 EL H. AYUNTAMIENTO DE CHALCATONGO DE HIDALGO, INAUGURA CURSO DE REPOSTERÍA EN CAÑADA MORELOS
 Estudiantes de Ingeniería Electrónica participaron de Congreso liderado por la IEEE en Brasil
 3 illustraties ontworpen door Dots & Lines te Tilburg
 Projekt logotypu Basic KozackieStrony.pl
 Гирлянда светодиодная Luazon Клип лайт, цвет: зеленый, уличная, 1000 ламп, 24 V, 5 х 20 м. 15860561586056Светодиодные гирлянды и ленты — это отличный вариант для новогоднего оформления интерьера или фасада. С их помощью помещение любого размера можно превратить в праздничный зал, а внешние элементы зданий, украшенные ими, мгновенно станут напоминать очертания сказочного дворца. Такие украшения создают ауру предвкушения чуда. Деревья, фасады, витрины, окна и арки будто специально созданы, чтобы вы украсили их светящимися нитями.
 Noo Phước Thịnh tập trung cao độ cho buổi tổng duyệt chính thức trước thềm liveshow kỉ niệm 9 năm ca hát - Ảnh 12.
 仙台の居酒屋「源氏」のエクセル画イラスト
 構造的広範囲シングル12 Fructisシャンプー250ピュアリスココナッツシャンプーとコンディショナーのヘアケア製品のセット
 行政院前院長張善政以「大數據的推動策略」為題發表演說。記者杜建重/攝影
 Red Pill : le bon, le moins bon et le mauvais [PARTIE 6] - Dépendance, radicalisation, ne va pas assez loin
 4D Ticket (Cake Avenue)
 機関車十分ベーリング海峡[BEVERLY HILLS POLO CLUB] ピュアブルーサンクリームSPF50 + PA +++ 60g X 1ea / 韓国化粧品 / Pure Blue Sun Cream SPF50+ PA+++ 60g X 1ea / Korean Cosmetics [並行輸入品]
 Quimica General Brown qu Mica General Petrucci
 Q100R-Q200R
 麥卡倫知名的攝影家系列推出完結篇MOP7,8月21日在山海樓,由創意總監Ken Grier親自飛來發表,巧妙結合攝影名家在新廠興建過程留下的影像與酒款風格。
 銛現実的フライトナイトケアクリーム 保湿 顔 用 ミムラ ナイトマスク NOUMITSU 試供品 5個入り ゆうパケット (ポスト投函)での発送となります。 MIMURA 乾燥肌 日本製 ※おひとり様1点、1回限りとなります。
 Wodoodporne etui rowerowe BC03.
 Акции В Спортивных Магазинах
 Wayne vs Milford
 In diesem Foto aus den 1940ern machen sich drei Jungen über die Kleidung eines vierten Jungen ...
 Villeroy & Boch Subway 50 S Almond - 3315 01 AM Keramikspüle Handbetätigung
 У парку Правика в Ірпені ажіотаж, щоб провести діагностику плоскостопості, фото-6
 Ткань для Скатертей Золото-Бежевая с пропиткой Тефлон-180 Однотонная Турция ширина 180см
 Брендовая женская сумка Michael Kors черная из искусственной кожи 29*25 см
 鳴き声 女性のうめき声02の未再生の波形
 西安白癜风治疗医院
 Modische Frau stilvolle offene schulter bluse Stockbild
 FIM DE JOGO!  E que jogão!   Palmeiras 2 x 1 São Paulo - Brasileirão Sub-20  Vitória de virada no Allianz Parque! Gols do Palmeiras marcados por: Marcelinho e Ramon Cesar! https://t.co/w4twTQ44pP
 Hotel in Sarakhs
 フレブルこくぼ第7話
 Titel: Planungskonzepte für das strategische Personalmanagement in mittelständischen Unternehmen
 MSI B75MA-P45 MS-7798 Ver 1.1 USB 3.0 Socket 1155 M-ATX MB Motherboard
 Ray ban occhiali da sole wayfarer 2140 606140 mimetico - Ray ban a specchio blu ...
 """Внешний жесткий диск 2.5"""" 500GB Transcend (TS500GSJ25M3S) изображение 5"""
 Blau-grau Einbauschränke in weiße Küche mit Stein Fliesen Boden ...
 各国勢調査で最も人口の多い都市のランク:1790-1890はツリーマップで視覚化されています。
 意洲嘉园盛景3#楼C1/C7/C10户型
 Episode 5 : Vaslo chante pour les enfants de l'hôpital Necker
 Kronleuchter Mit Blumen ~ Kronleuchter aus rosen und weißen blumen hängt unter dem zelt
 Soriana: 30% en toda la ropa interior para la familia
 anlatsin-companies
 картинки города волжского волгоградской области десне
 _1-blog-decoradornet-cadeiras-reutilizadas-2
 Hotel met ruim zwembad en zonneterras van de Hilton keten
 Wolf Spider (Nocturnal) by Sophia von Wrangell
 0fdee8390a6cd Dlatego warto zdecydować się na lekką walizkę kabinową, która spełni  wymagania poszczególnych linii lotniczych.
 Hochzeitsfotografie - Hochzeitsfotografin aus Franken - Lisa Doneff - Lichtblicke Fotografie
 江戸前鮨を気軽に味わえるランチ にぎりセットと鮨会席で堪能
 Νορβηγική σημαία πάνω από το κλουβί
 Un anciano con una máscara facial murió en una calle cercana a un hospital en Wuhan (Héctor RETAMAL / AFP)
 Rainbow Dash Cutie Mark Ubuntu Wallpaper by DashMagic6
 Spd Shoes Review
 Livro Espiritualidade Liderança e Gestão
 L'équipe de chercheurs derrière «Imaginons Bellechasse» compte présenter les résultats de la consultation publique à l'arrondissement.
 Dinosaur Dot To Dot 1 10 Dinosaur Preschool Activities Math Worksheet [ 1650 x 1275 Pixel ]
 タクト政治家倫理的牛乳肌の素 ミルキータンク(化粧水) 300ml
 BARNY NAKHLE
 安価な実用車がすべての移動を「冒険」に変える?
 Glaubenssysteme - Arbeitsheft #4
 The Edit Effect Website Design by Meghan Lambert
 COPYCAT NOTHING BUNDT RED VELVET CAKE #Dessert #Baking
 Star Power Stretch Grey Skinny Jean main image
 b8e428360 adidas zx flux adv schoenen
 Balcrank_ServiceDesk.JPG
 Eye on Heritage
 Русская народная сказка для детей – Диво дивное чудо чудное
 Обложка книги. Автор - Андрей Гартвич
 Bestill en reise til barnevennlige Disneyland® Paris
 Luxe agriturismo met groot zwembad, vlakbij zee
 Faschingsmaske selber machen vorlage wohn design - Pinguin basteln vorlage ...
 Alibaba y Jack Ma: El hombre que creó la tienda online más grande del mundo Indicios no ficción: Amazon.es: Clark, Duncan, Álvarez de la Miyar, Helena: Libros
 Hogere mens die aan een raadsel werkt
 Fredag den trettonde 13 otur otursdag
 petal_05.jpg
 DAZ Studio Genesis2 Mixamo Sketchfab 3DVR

Requirement
Report back each line in the material above that contains the string "Hotel".

Task result
 Hotel in Sarakhs
 Hotel met ruim zwembad en zonneterras van de Hilton keten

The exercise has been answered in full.